MATLAB 矩阵问题
我有一个方程组(总共 5 个),有 5 个未知数。我已将它们放入矩阵中以尝试解决,但我不确定结果是否正确。基本上设置是 AX = B,其中 A、X 和 B 是矩阵。 A 是 5x5,X 是 1x5,B 是 5x1。
当我使用 MATLAB 使用公式 X = A\B 求解 X 时,它会向我发出警告:
Matrix is singular to working precision.
并为所有 5 个 X 未知数给出 0,但如果我说 X = B\A 事实并非如此,并给出了 5 个 X 未知数的值。
有人知道我做错了什么吗?如果这很重要,这就是我的 X 矩阵的样子:
X= [1/C3; 1/P1; 1/P2; 1/P3; 1/P4]
其中 C3、P1、P2、 P3、P4 是我的未知数。
I have a system of equations (5 in total) with 5 unknowns. I've set these out into matrices to try solve, but I'm not sure if this comes out right. Basically the setup is AX = B, where A,X, and B are matrices. A is a 5x5, X is a 1x5 and B is a 5x1.

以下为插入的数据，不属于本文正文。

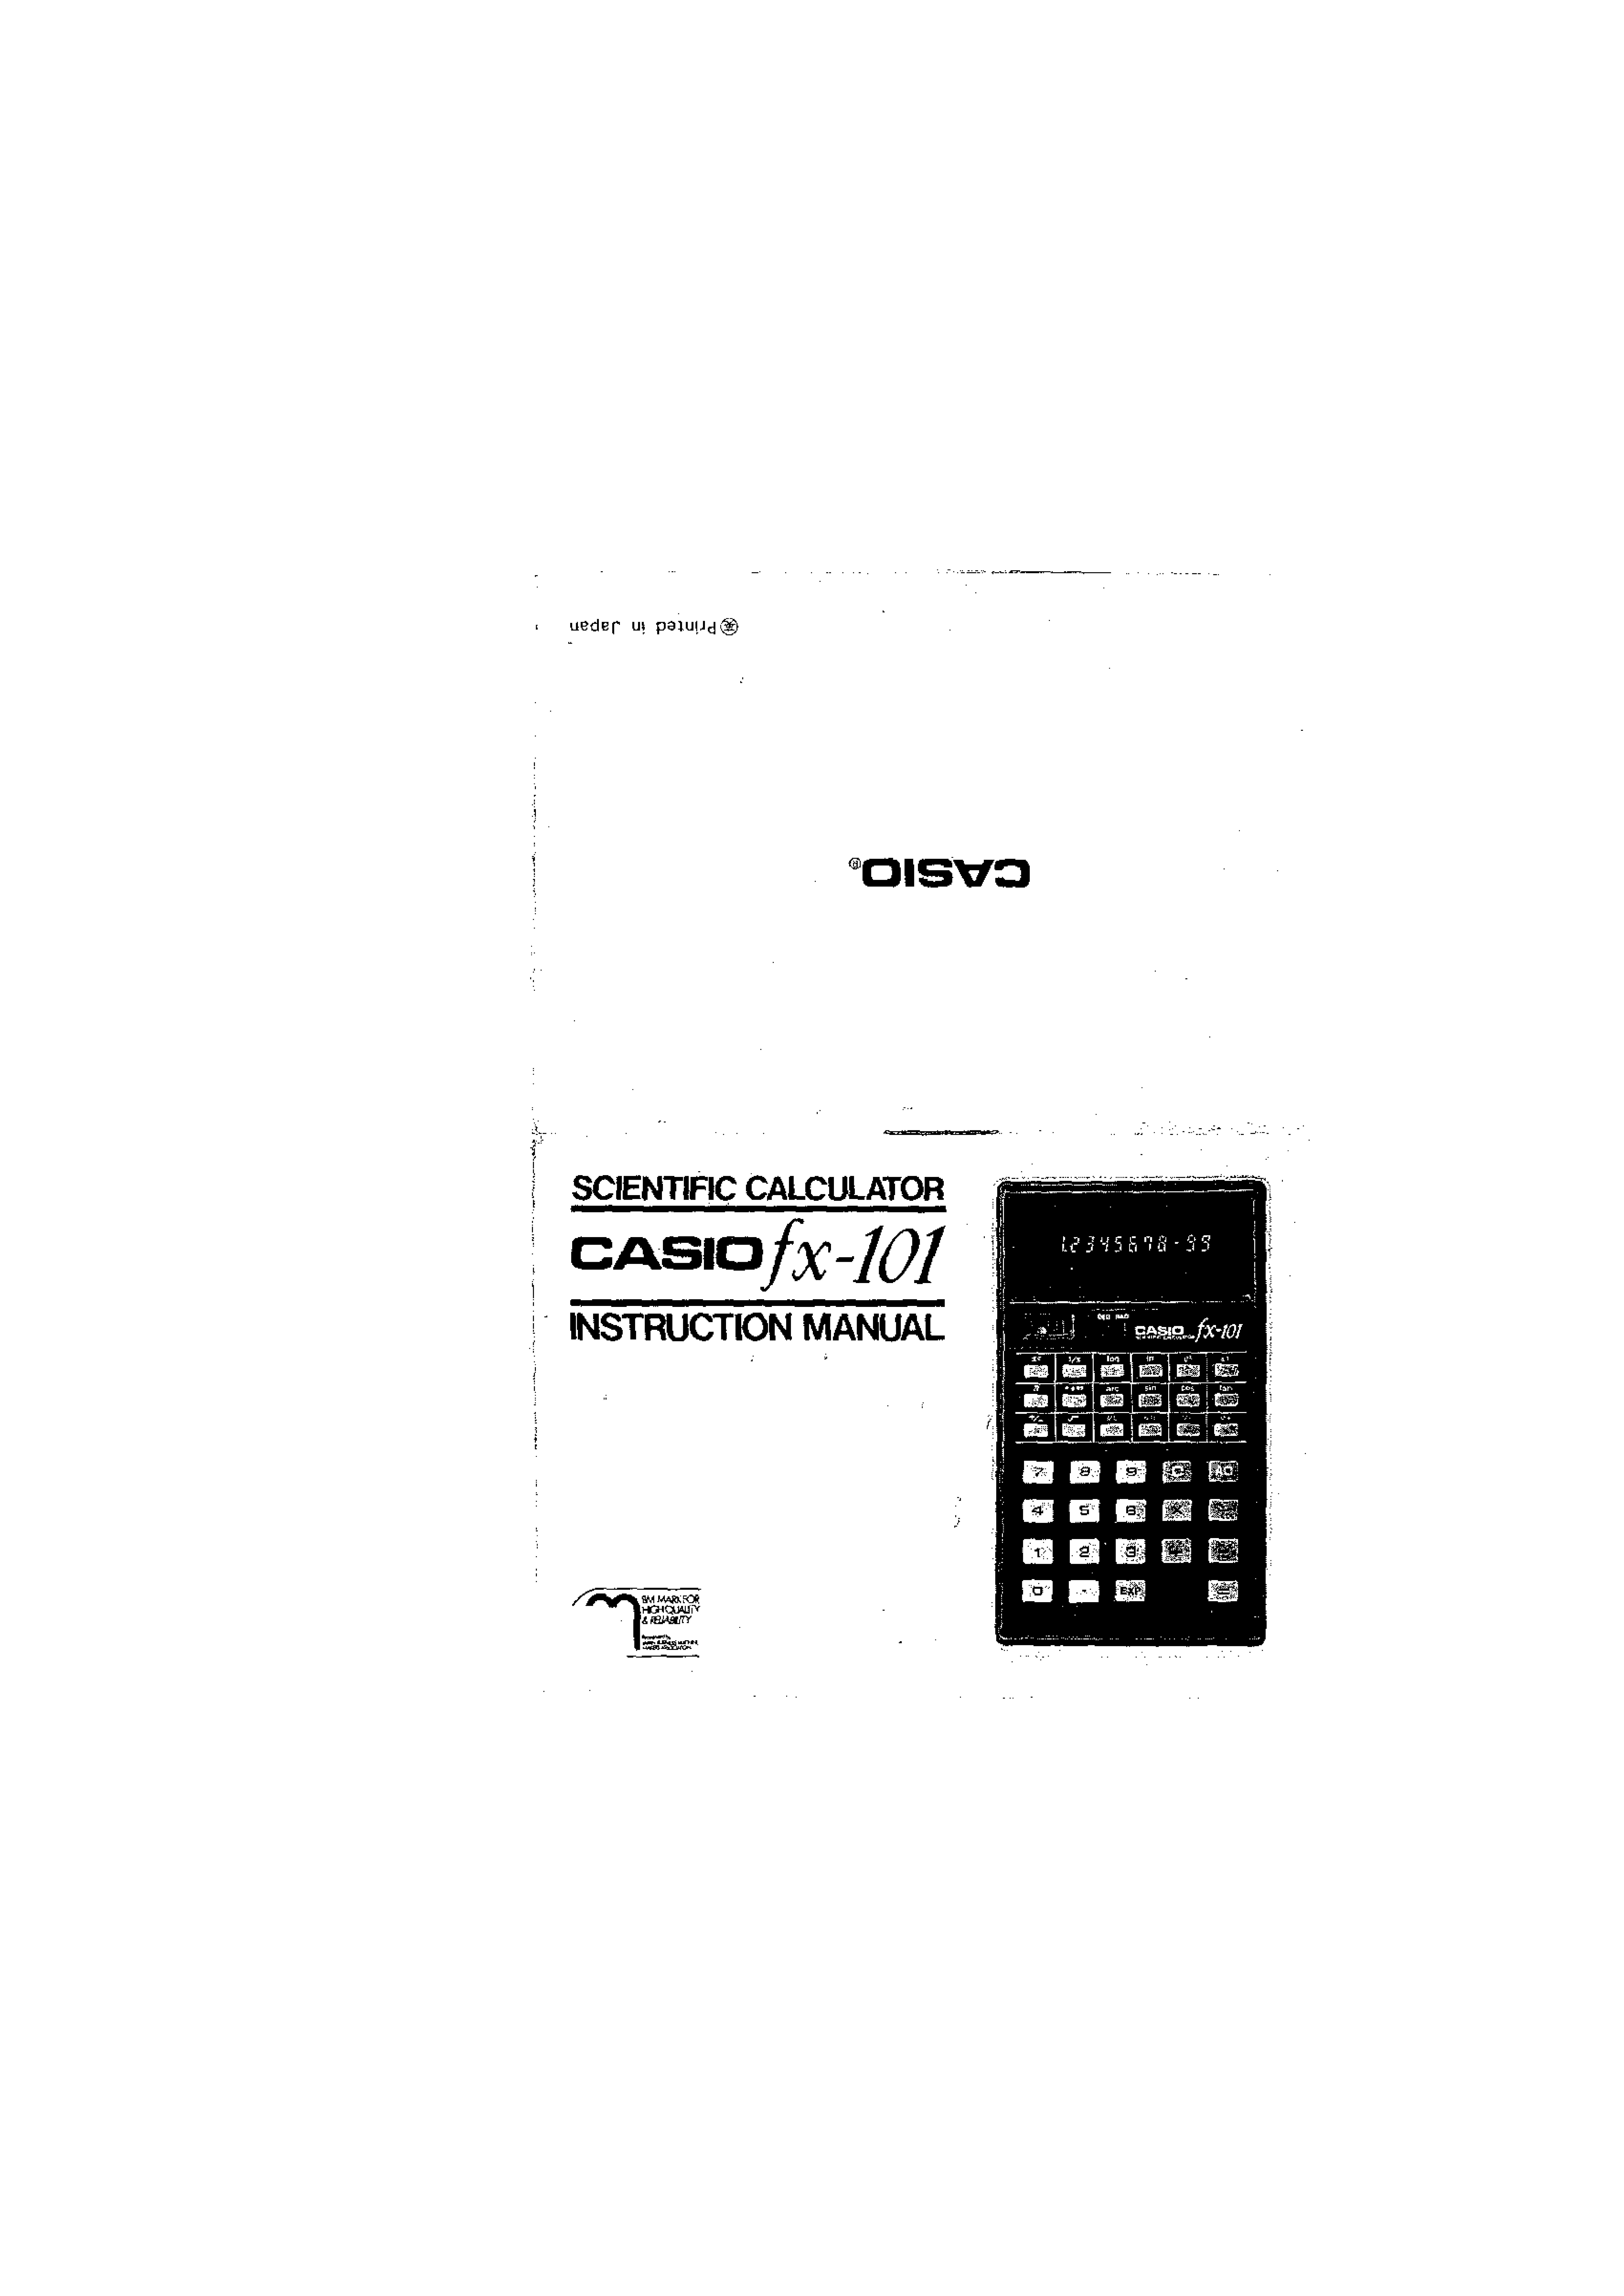 Casio fx-101 Calculator User Manual

When I use MATLAB to solve for X using the formula X = A\B, it gives me a warning:
Matrix is singular to working precision.
and gives me 0 for all 5 X unknowns, but if I say X = B\A it doesnt, and gives me values for the 5 X unknowns.
Anyone know what I'm doing wrong? In case this is important, this is what my X matrix looks like:
X= [1/C3; 1/P1; 1/P2; 1/P3; 1/P4]
Where C3, P1, P2, P3, P4 are my unknowns.

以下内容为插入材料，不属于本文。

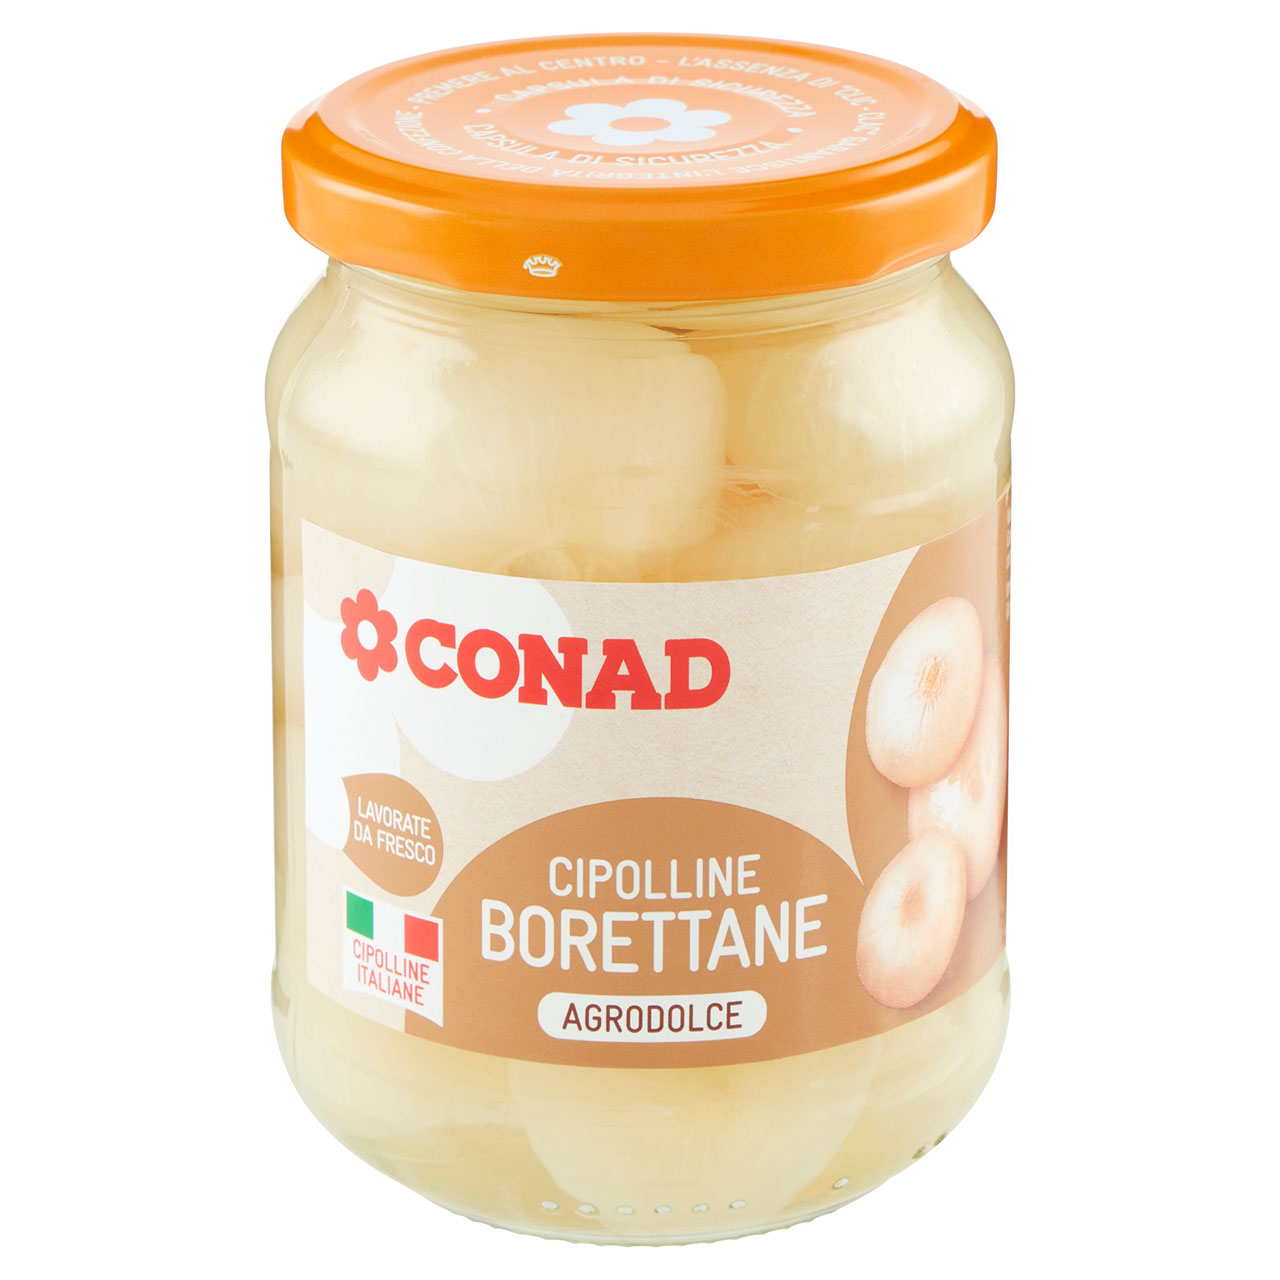 Cipolline Borettane Agrodolce 290 g Conad

如果你对这篇内容有疑问,欢迎到本站社区发帖提问 参与讨论,获取更多帮助,或者扫码二维码加入 Web 技术交流群。
绑定邮箱获取回复消息
由于您还没有绑定你的真实邮箱,如果其他用户或者作者回复了您的评论,将不能在第一时间通知您!
发布评论
评论(2)
您的矩阵是奇异,这意味着它的行列式为 0。这样的方程组无法为您提供足够的信息来找到唯一的解决方案。我在你的问题中看到的一件奇怪的事情是 X 是 1x5,而 B 是 5x1。这不是提出问题的正确方式。 X 和 B 都必须为 5x1。如果您想知道,这不是 Matlab 的东西 - 这是线性代数的东西。此
[5x5]*[1x5]是非法的。此[5x5]*[5x1]生成[5x1]结果。此[1x5]*[5x5]生成[1x5]结果。首先检查代数,然后检查行列式(Matlab 中的det函数)是否为 0。Your matrix is singular, which means its determinant is 0. Such system of equations does not give you enough information to find a unique solution. One odd thing I see in your question is that X is 1x5 while B is 5x1. This is not a correct way of posing the problem. Both X and B must be 5x1. In case you're wondering, this is not a Matlab thing - this is a linear algebra thing. This
[5x5]*[1x5]is illegal. This[5x5]*[5x1]produces a[5x1]result. This[1x5]*[5x5]produces a[1x5]result. Check you algebra first, and then check whether the determinant (detfunction in Matlab) is 0.所以,接下来的事情就是弄清楚为什么
A是单数。 (请注意,在具有平方和单数A的情况下,您可能想要求解A x = b,但仅在
b在A的范围空间内。)也许你可以写出你的矩阵
A和向量b(因为它只是5x5)?或者解释一下你是如何创建它的。这可能会提供一些线索,说明为什么A未满秩,或者为什么b不在A的范围空间中。So, the next thing is to figure out why
Ais singular. (Note that it's possible that you'd want to solveA x = bin cases with square and singular
A, but they'd only be in cases wherebis in the range space ofA.)Maybe you can write your matrix
Aand vectorbout (since it's only 5x5)? Or explain how you create it. That might give a clue as to whyAisn't full rank or as to whybisn't in the range space ofA.